It’s been a full couple of years for Zulily.
In 2013 the online retailer famous for its cool mom centered aesthetic in online retail jumped into the public markets with quite a bang. Though originally priced at around $22 a share, the price popped almost immediately and closed out in the $37 a share range. Facebook, by comparison, ended its first day trading at ~$38 share.
Zulily’s early days were strong – and its share price grew. By February 2014, Zulily hit an all time high of $68.
But it couldn’t maintain that growth. Zulily went on to see its market cap diminish as its stock price fell to less than $15 a share by late August 2015. It was then that Zulily announced was saying good-bye to the public markets and hello to a new owner, Liberty Interactive’s QVC Group.
The deal was done for $2.4 billion – a hefty sounding sum that was actually a bit of bargain by for QVC, since it valued Zulily at $18.37 a share – a step down from its opening IPO price of $22. At the time of the purchase – QVS noted that it paid a premium of their acquisition – despite its dipping revenues, because of the potential for the brand and it’s base, as home shopping was moving to re-invent itself for the digital age, when shopping from ones couch is no longer a novelty.
“As the world leader in video and eCommerce retail, QVC is dedicated to remaining shopping, entertainment and community as one,” said Mike George, QVC President and CEO noted in statement. “In Zulily, we see a like-minded brand that shares our passion for discovering great products, for delivering honest value, and for building long term relationships with customers.”
Shared ideas perhaps – but not a share audience.
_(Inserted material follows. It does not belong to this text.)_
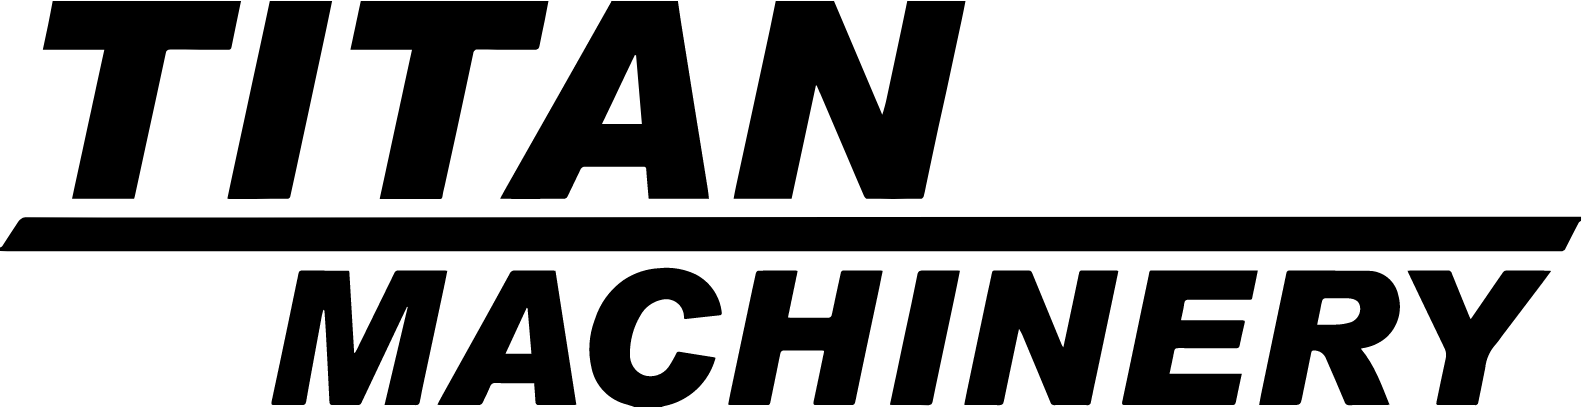 Titan Machinery logo large (transparent PNG)

At the tie of the acquisition, just about six percent of QVC’s customers also shopped on Zulily – as QVC’s user base tended to skew older and more suburban than Zulily’s younger urban mom shoppers.
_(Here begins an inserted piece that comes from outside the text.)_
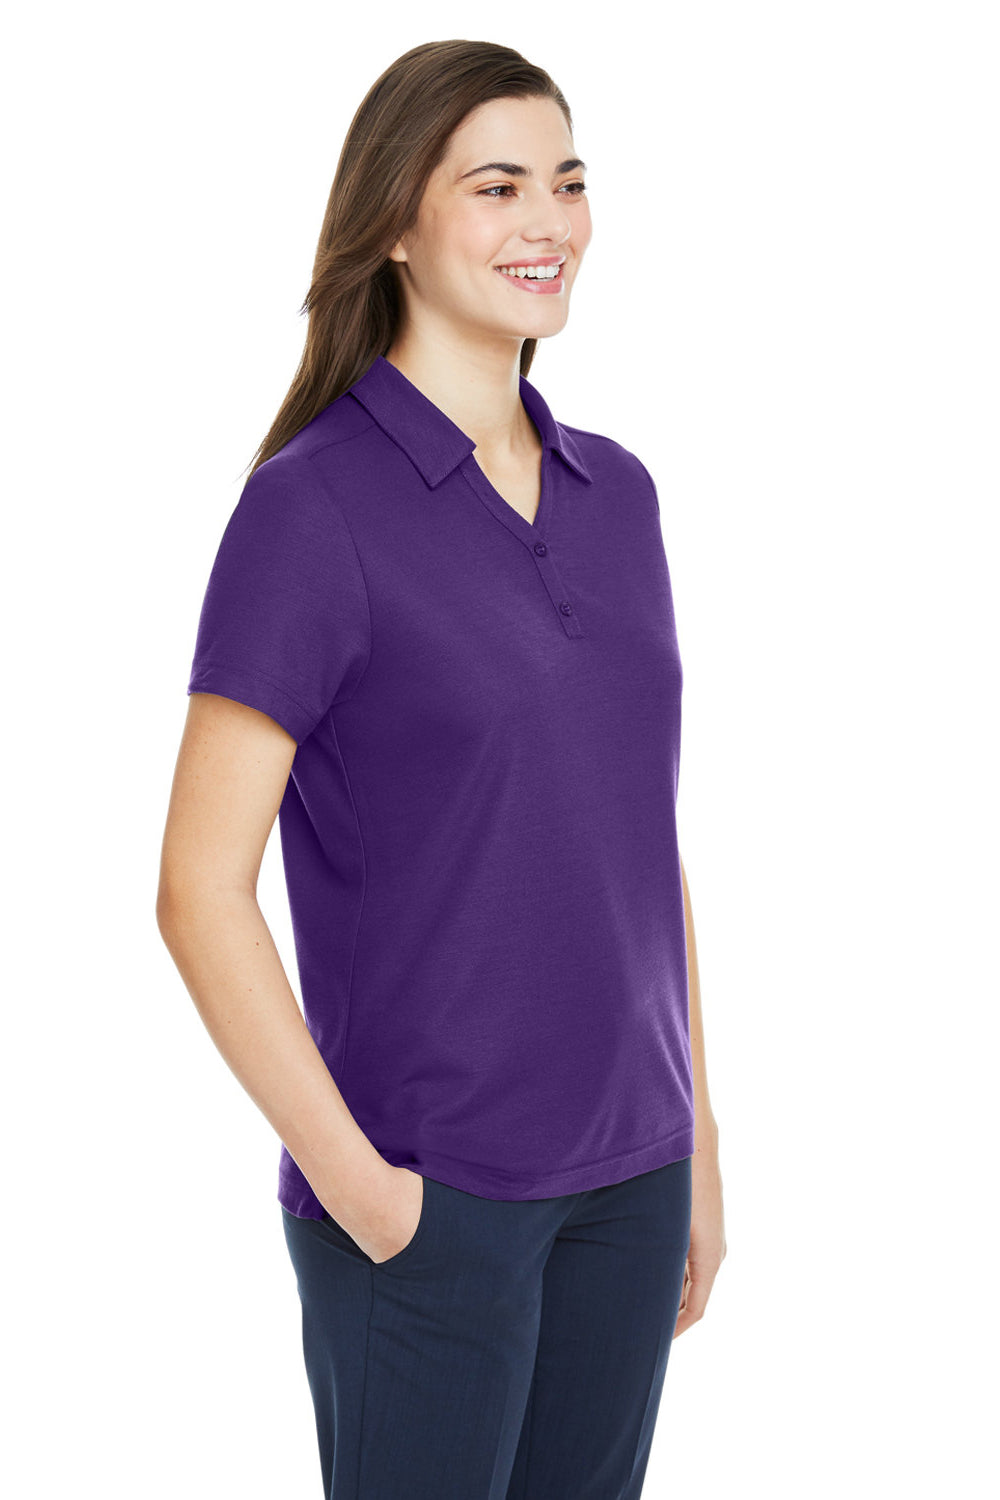 Core 365 CE112W Womens Fusion ChromaSoft Performance Moisture Wicking Pique Short Sleeve Polo Shirt Campus Purple 3Q

And while there was concerns among investors about a mismatch – the change so far has been toward growth – as Zulily saw double digit grown in revenue during the closing quarter of 2016 – with more forecast when earnings are reported by its parent firm later this month.
More important – Zulily is driving a lot of mobile growth for its parent firm – device based order represented about 63 percent of the total orders placed by mid-2016, compared with 56 percent in the year-ago period.
There have not, according to the firms’ executive teams, been much in the way of massive changes.
“There hasn’t been much in the way of change,” noted Zulily CEO Daryl Cavens – though there have been reciprocal upgrades.
Zulily’s engineering team in Seattle has be central to the redesign of the QVC website with site — the best images to show people, for example, while Zulily has expanded its video content offerings in accordance with QVC’s 24/7 on air philosophy.
“The amount of video content, and the infrastructure they have to do that, is incredible,” Cavens said.
And Zulily is excited for the what’s next in their evolution as a rand.
“I feel really good about the spot we’re in. We’re still only 6 years old but there’s so much more ahead.”